I have been surprised that the Boggle code runs about 4x slower on the GCP machine than on my M2 MacBook. I don’t have enough experience running CPU- and RAM-intensive cloud jobs to know whether this is normal.


Similar experience at DigitalOcean where, in 2023, I rented a VPS with dedicated cores to compute on some decent-sized dataset and it turned out to be slower than the 2012 laptop CPU that I use as my main server! That laptop has an i7-3630qm iirc, not sure what DO claimed they give you but it was slower

The storage i/o speeds were also crap (quoting myself here from the notes I made at the time) compared to what I got soon after when I bought a 70€ TLC SSD as upgrade for the laptop-server. They claim it runs on SSDs but, if it does, they're the world's cheapest bulk data SSDs or they have a bottleneck in ferrying data between the SAN and the VPS host, even for sequential r/w (that it has higher iops latency, I could understand)

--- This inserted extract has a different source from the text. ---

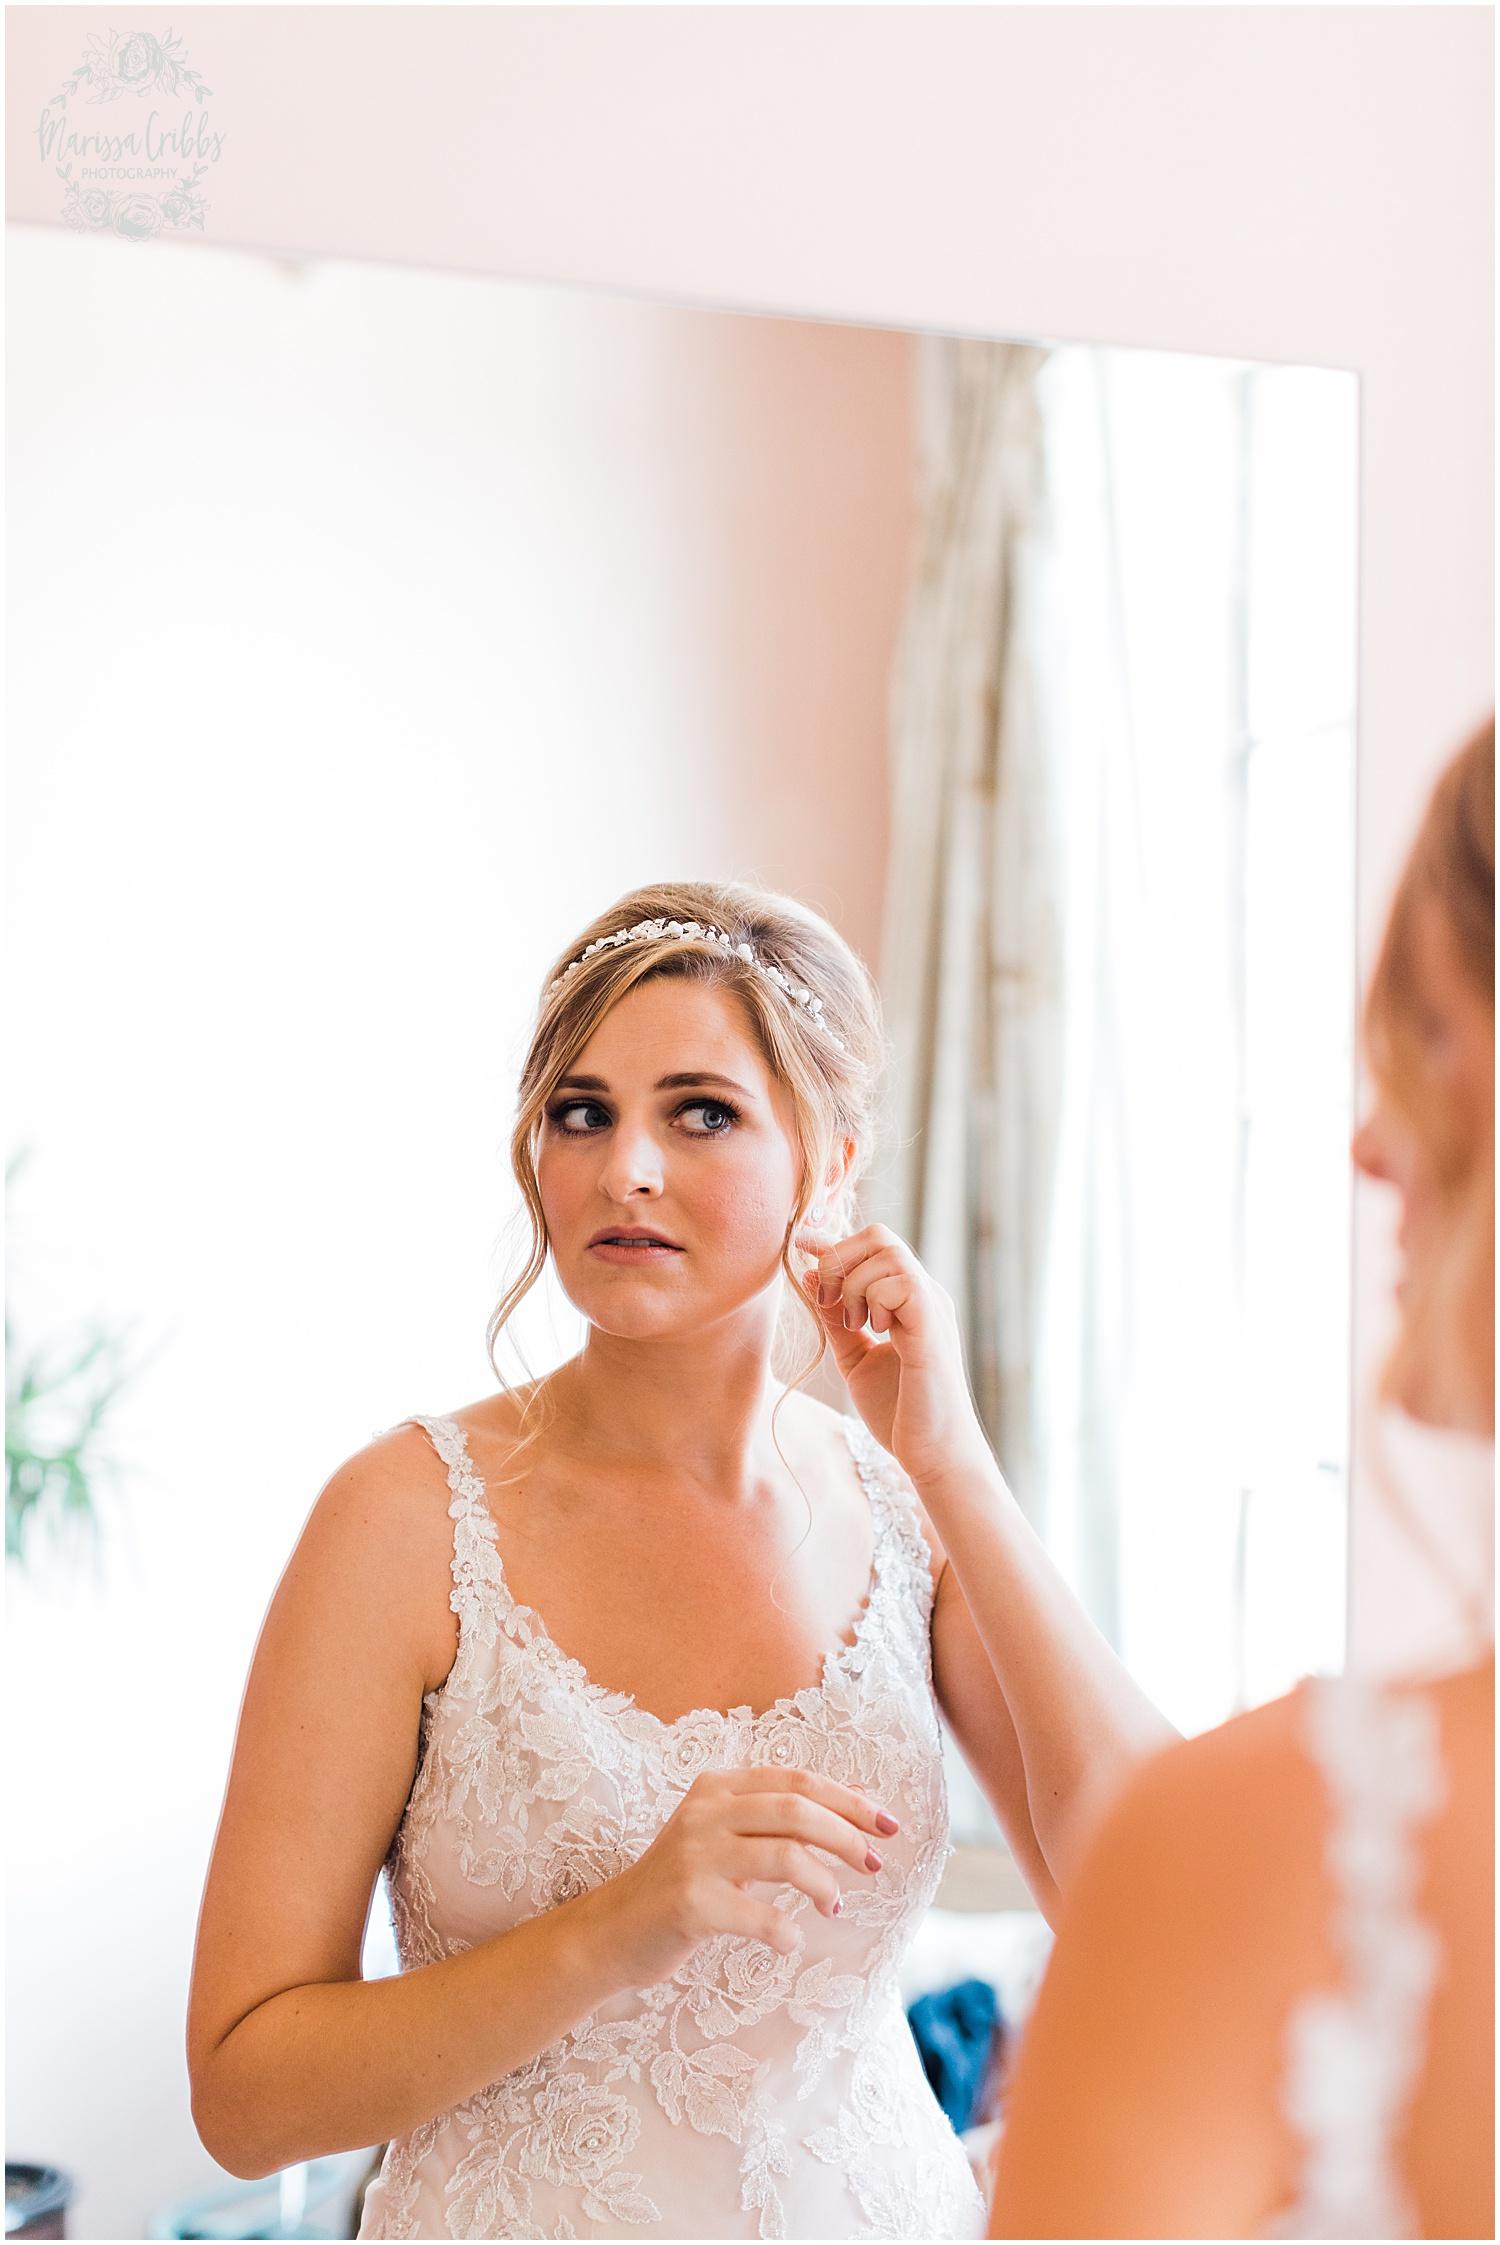 BAUER WEDDING   KELSEA & JUSTIN   MARISSA CRIBBS PHOTOGRAPHY_6496.jpg
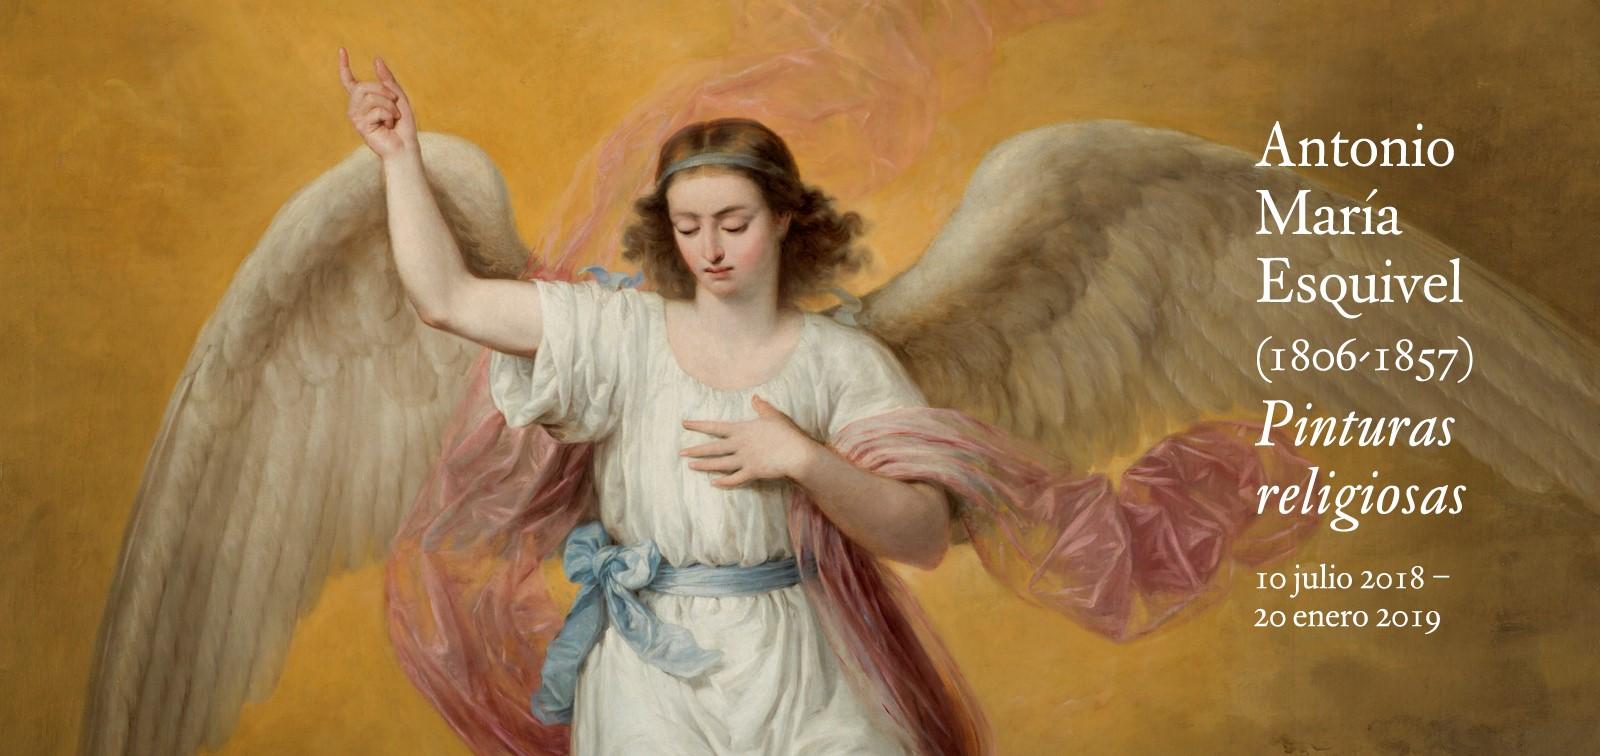 Exposición. Antonio María Esquivel (1806-1857): Pinturas religiosas

At work, we sometimes use AWS GPUs for password cracking (we do security audits and sometimes find hashes). The GPUs that employees have just to play some games are faster than these and cost a lot less to operate, but we can't put customer data on private systems

For occasional problems that can be parallelised, sure, rent a hundred temporary systems at a cloud farm for two days; but in general I just can't recommend it to anyone. It costs an arm and a leg compared to cheaper providers or buying hardware yourself (if you're into being the sysadmin). The "we have a fleet of systems on stand-by for you" (so you can scale on demand) is a big premium that most seem to be unaware of that they're paying implicitly


You can possibly do a lot better with dedicated servers (bare iron) than VPS. Particularly, "dedicated core" VPS are actually dedicated threads, so you get one real core per two vcores.